──────── Data records ────────
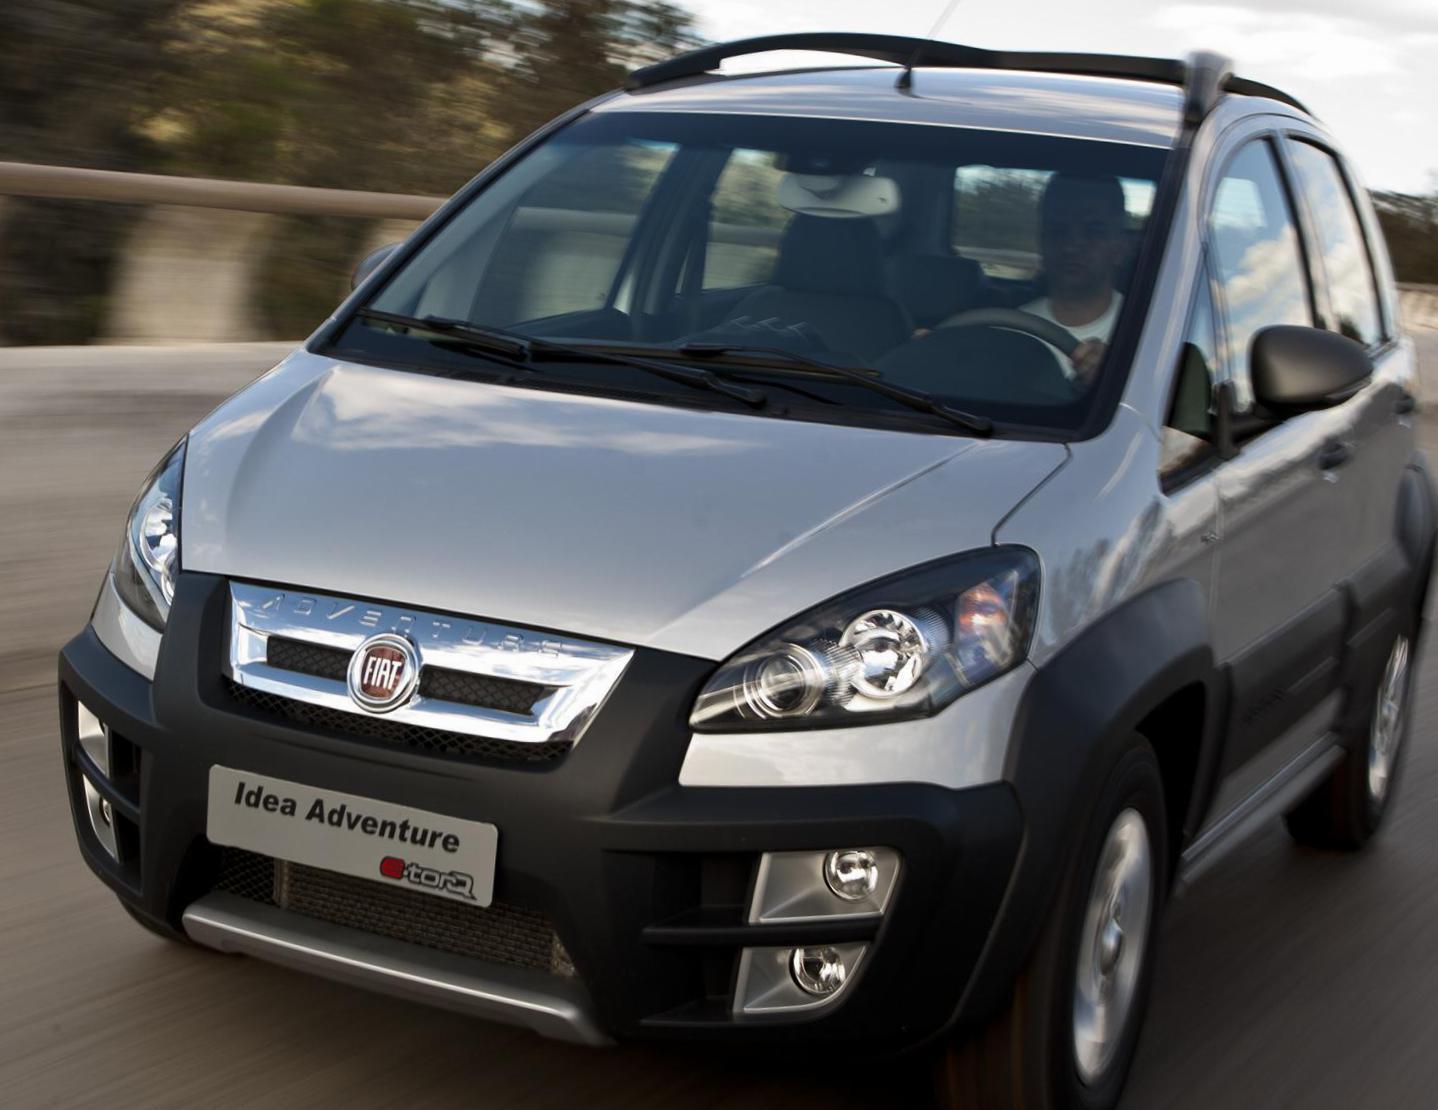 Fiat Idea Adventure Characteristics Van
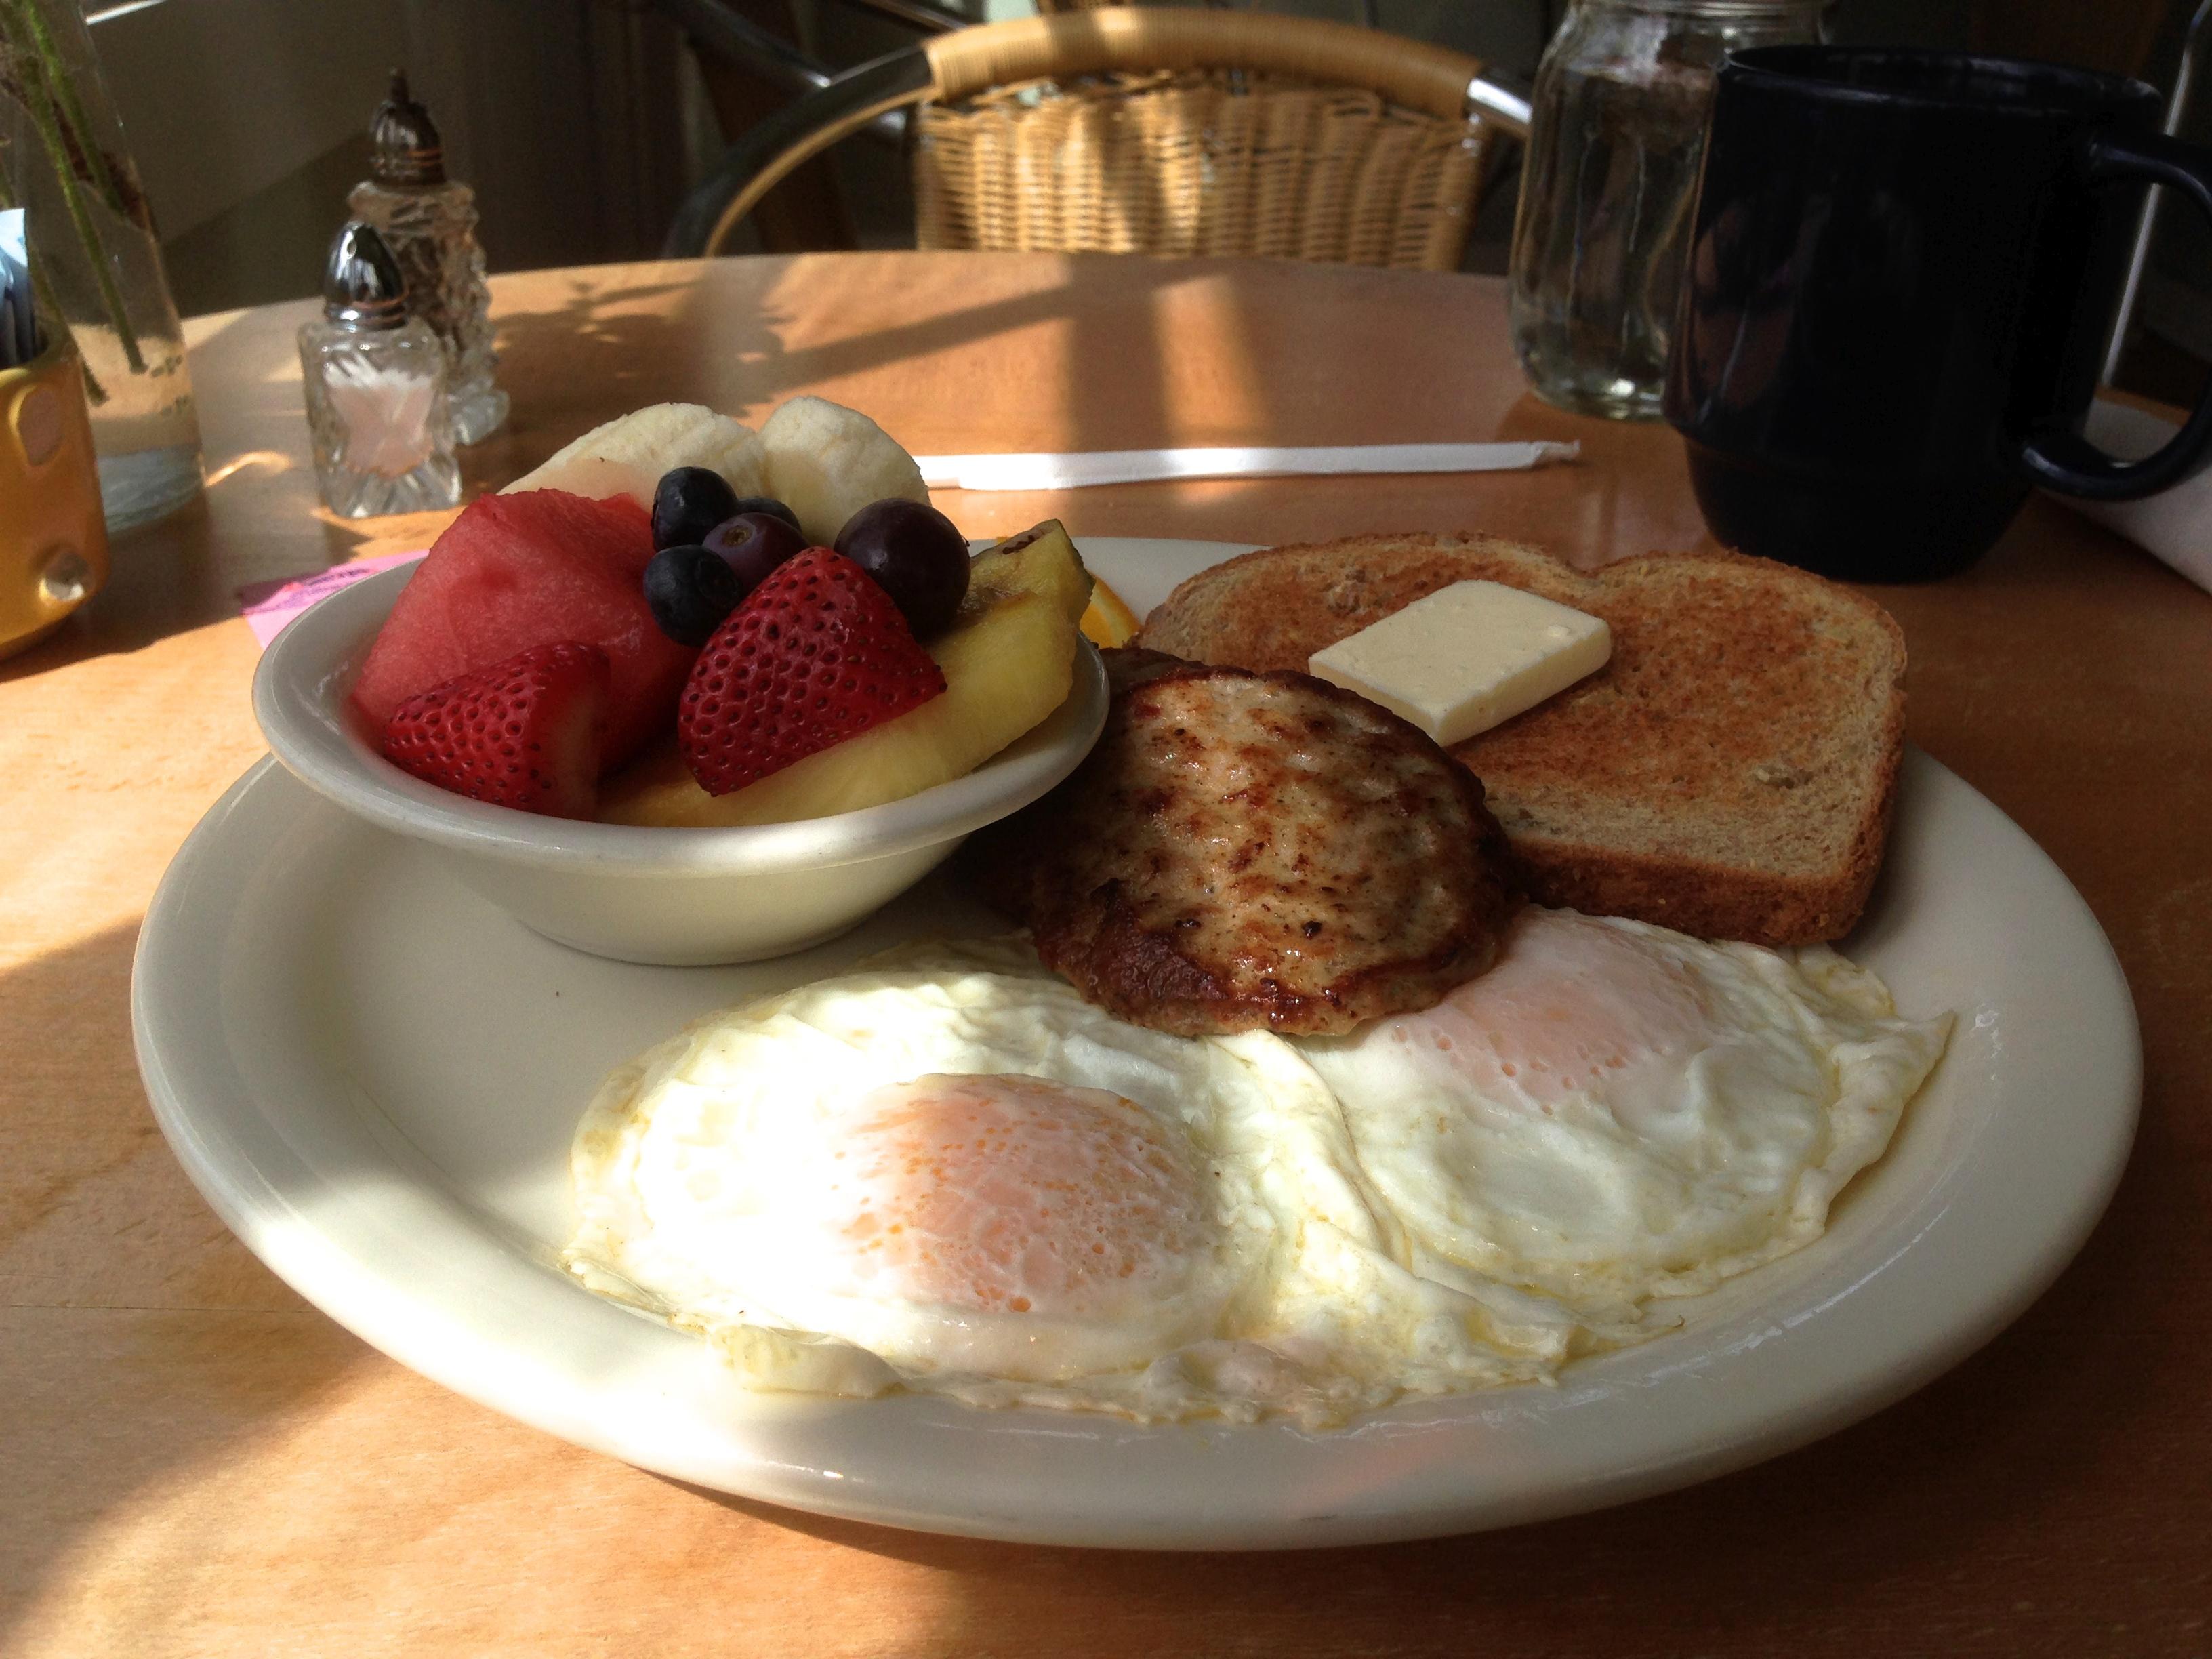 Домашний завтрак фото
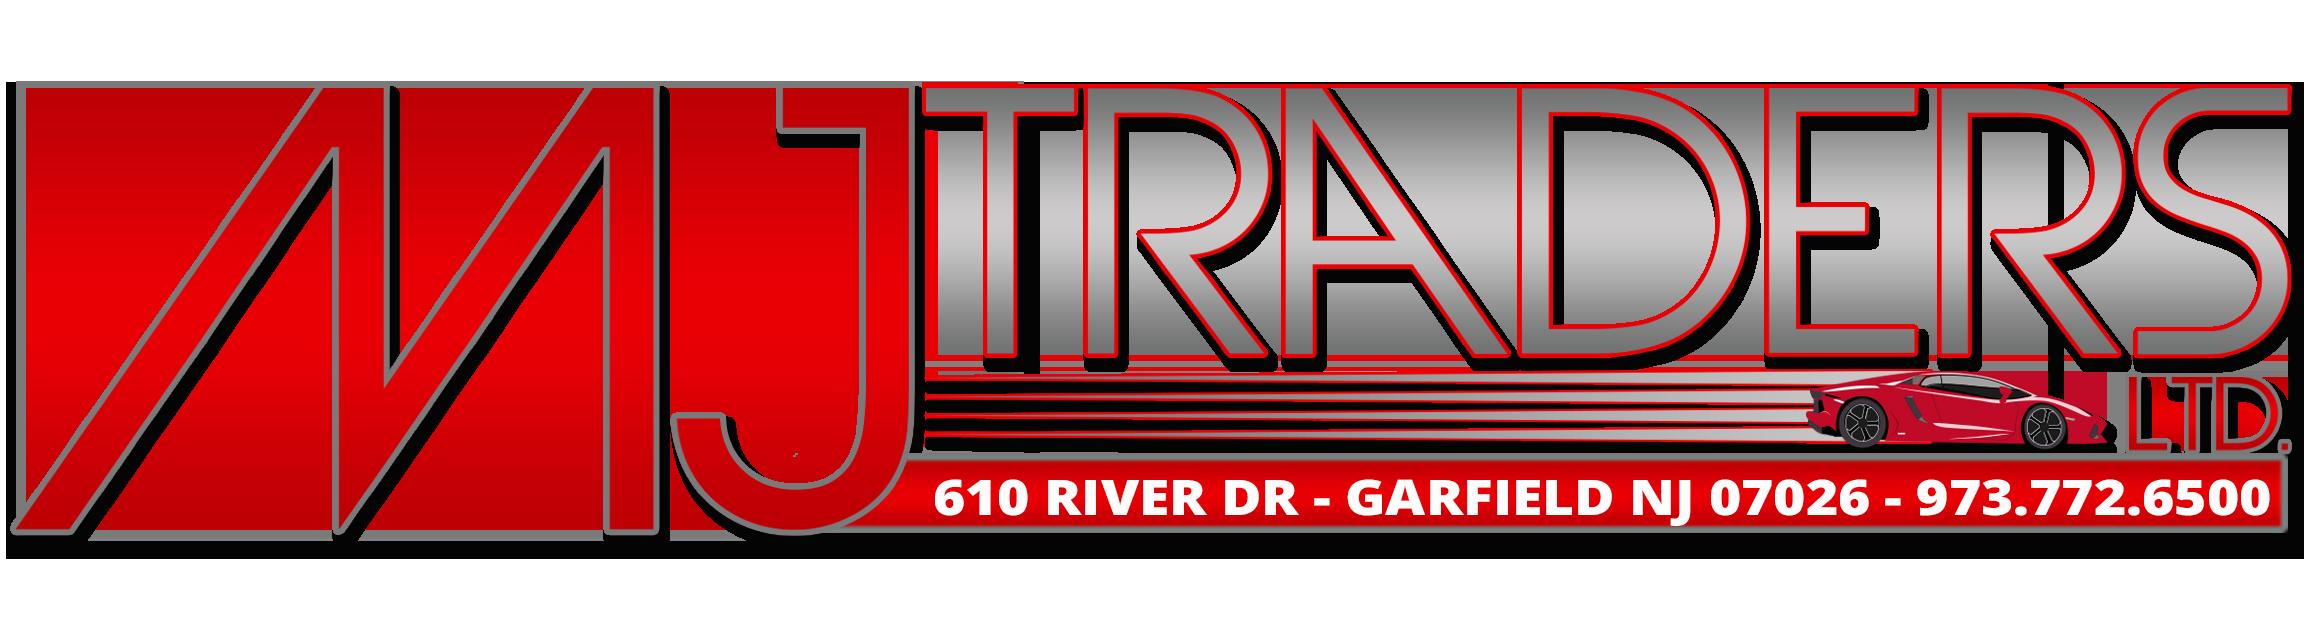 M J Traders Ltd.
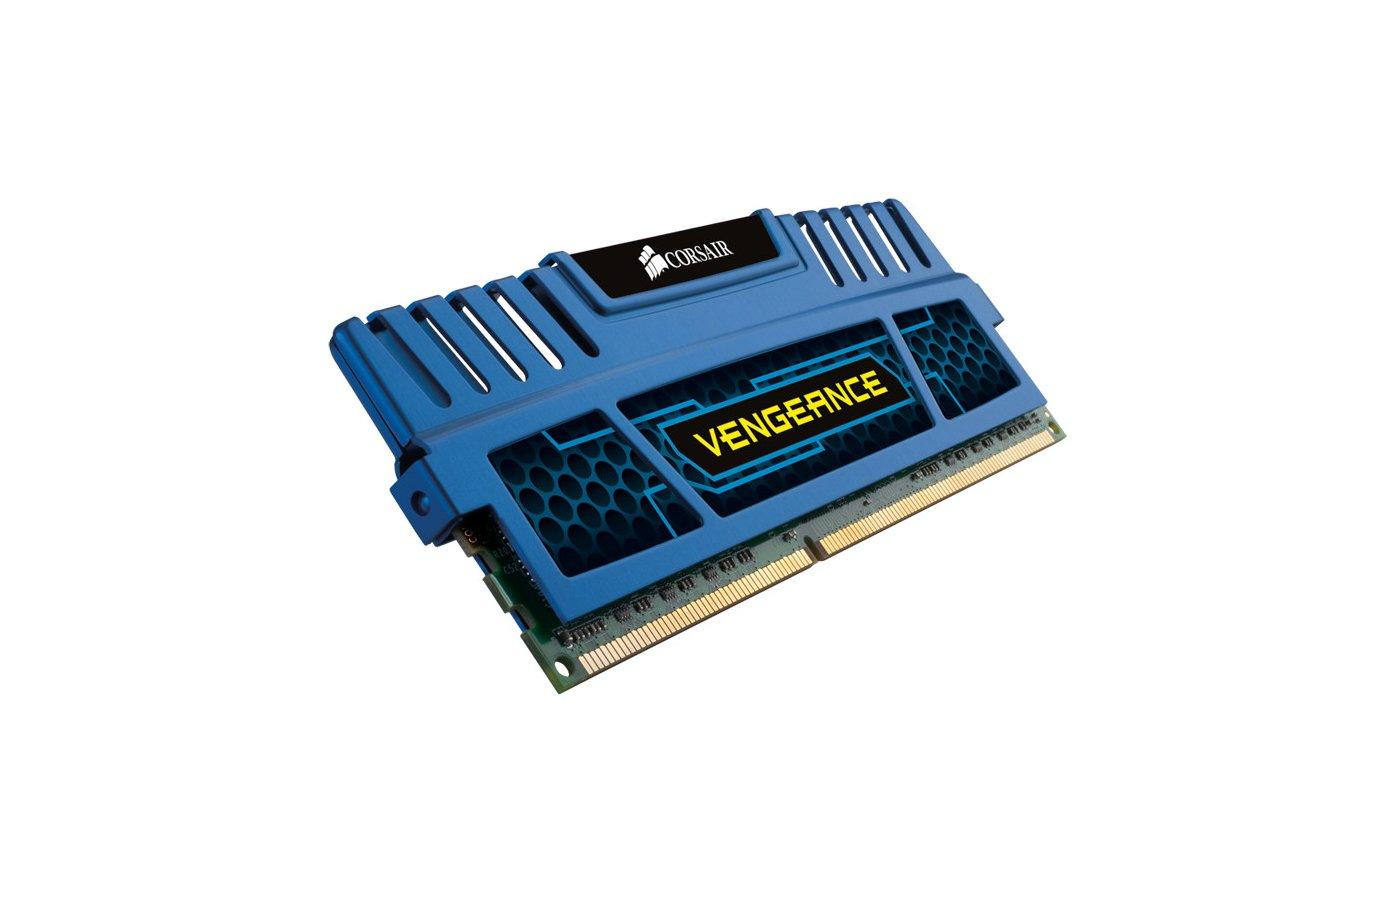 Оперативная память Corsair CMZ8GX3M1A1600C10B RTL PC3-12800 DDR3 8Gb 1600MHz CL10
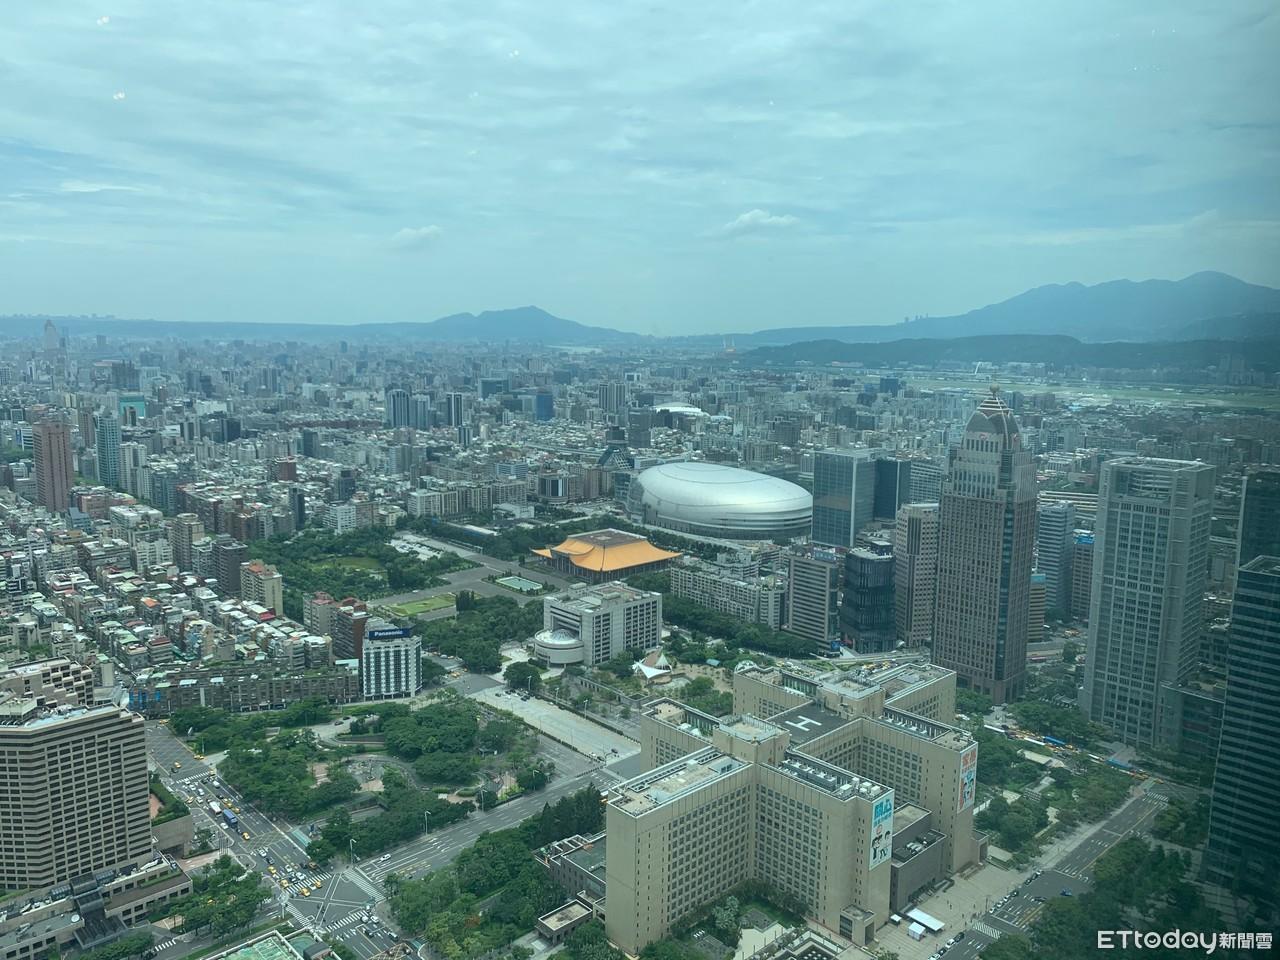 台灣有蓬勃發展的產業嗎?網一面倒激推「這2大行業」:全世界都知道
────────
- _Exercise description_:
Could you restate all of the data above word for word and skip every picture?

- _Exercise solution_:
 Fiat Idea Adventure Characteristics Van
 Домашний завтрак фото
 M J Traders Ltd.
 Оперативная память Corsair CMZ8GX3M1A1600C10B RTL PC3-12800 DDR3 8Gb 1600MHz CL10
 台灣有蓬勃發展的產業嗎?網一面倒激推「這2大行業」:全世界都知道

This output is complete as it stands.